Masked Visual Pre-training for Motor Control
This is a PyTorch implementation of the paper Masked Visual Pre-training for Motor Control. It contains the benchmark suite, pre-trained models, and the training code to reproduce the results from the paper.
Installation
Please see INSTALL.md
for installation instructions.
Pre-trained visual enocoders
We provide pre-trained visual encoders used in the paper.
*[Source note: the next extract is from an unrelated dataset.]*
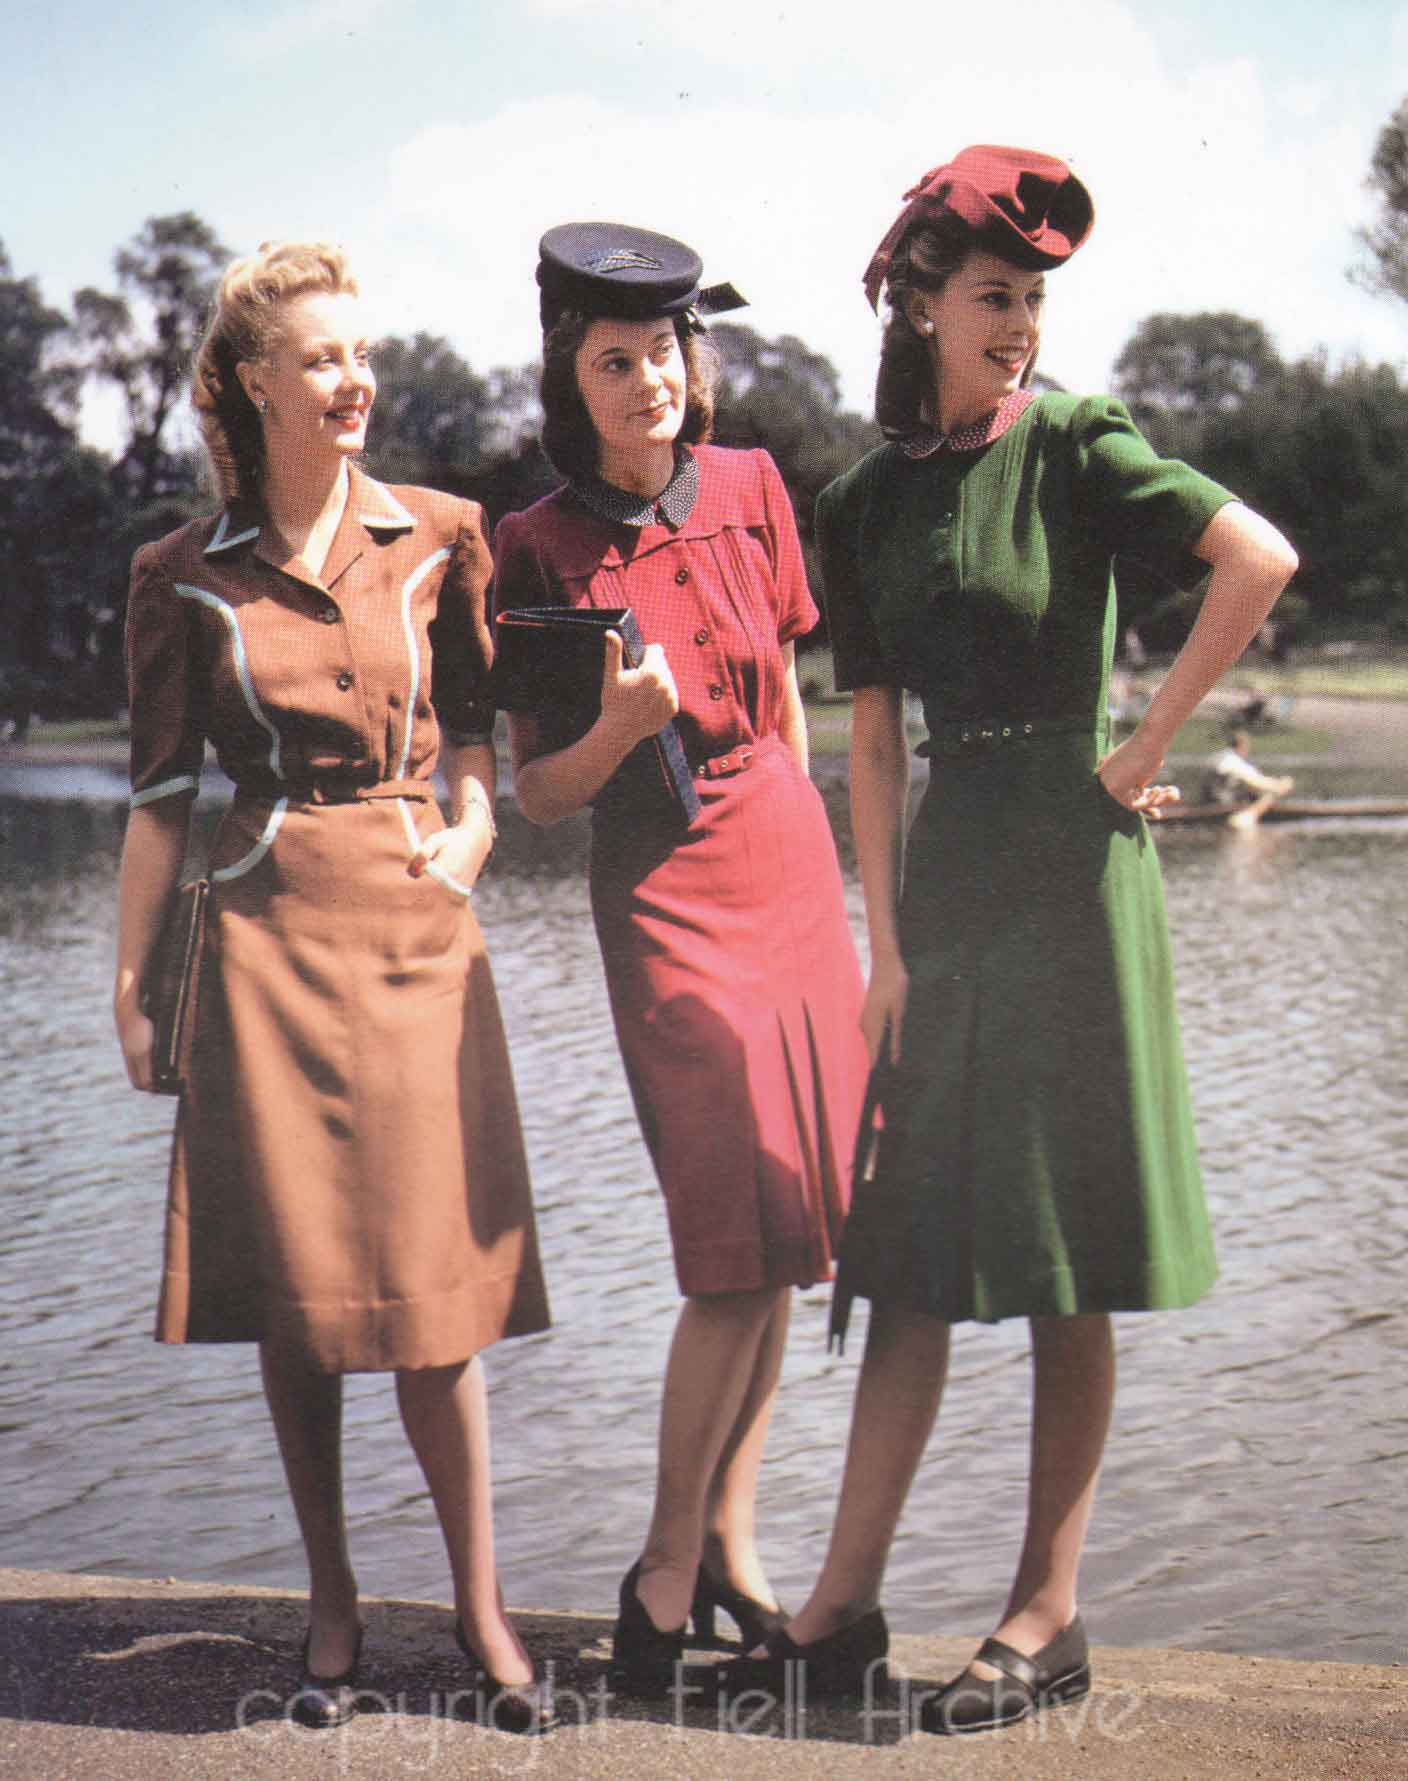  published a 1940’s fashion book, which we’ll be reviewing soon
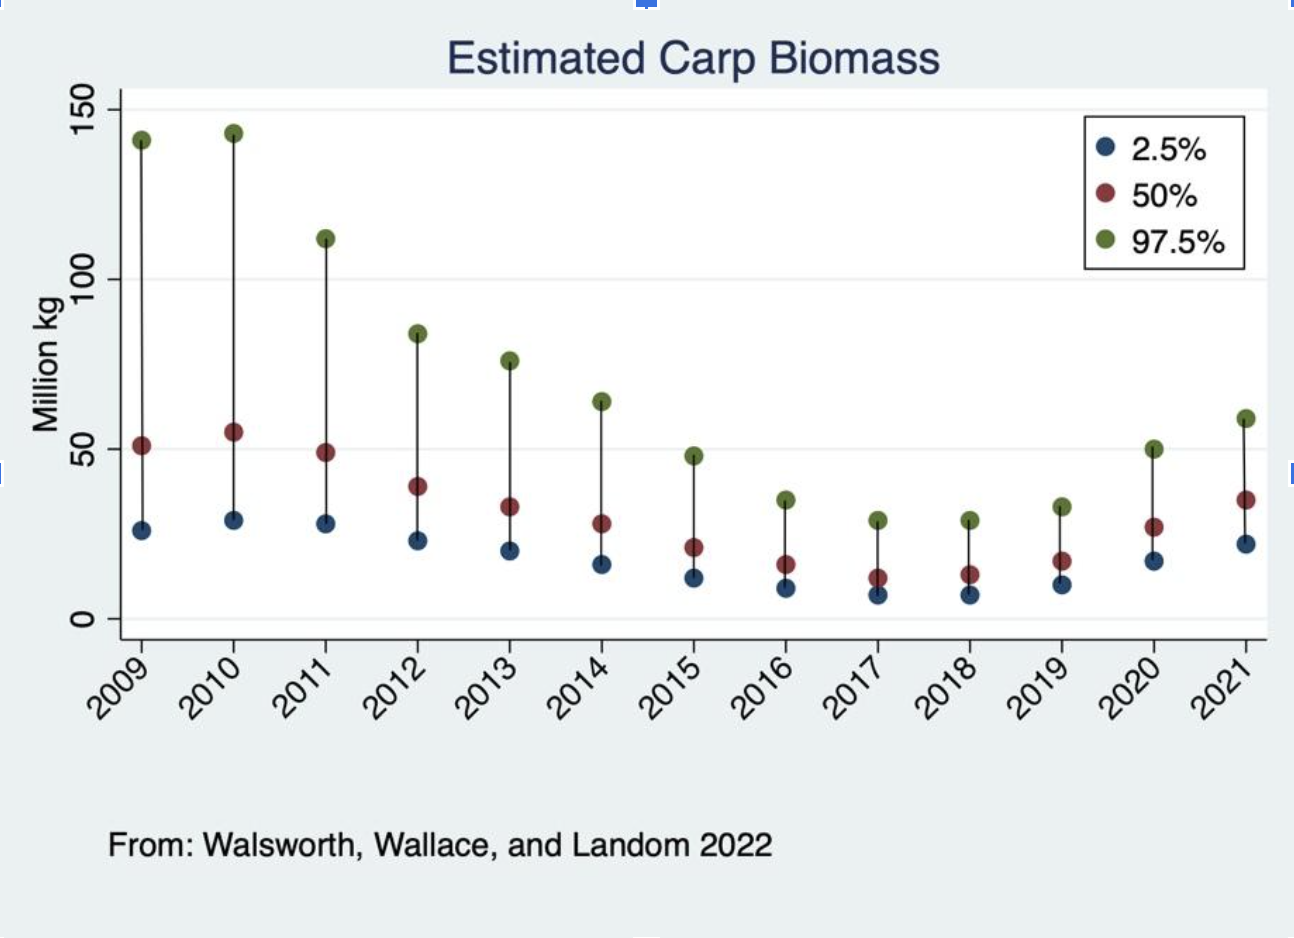 Estimated carp biomass in Utah Lake from 2009 until 2021. Estimates derived from Walsworth, Wallace, and Landom 2022 Table 1

The models are in the same format as mae and timm:
backbone | objective | data | md5 | download |
---|---|---|---|---|
ViT-S | MAE | in-the-wild | model | |
ViT-S | MAE | ImageNet | model | |
ViT-S | Supervised | ImageNet | model |
By default, the code assumes that the pre-trained encoders are placed in /tmp/pretrained
directory.
Example training commands
Train FrankaPick
from states:
python tools/train.py task=FrankaPick
Train FrankaPick
from pixels:
python tools/train.py task=FrankaPickPixels
Train on 8 GPUs:
python tools/train_dist.py num_gpus=8
Test a policy after N iterations:
python tools/train.py test=True headless=False logdir=/path/to/job resume=N
Citation
If you find the code or pre-trained models useful in your research, please use the following BibTeX entry:
@article{Xiao2022
title = {Masked Visual Pre-training for Motor Control},
author = {Tete Xiao and Ilija Radosavovic and Trevor Darrell and Jitendra Malik},
journal = {arXiv:2203.06173},
year = {2022}
}
Acknowledgments
We thank NVIDIA IsaacGym and PhysX teams for making the simulator and preview code examples available.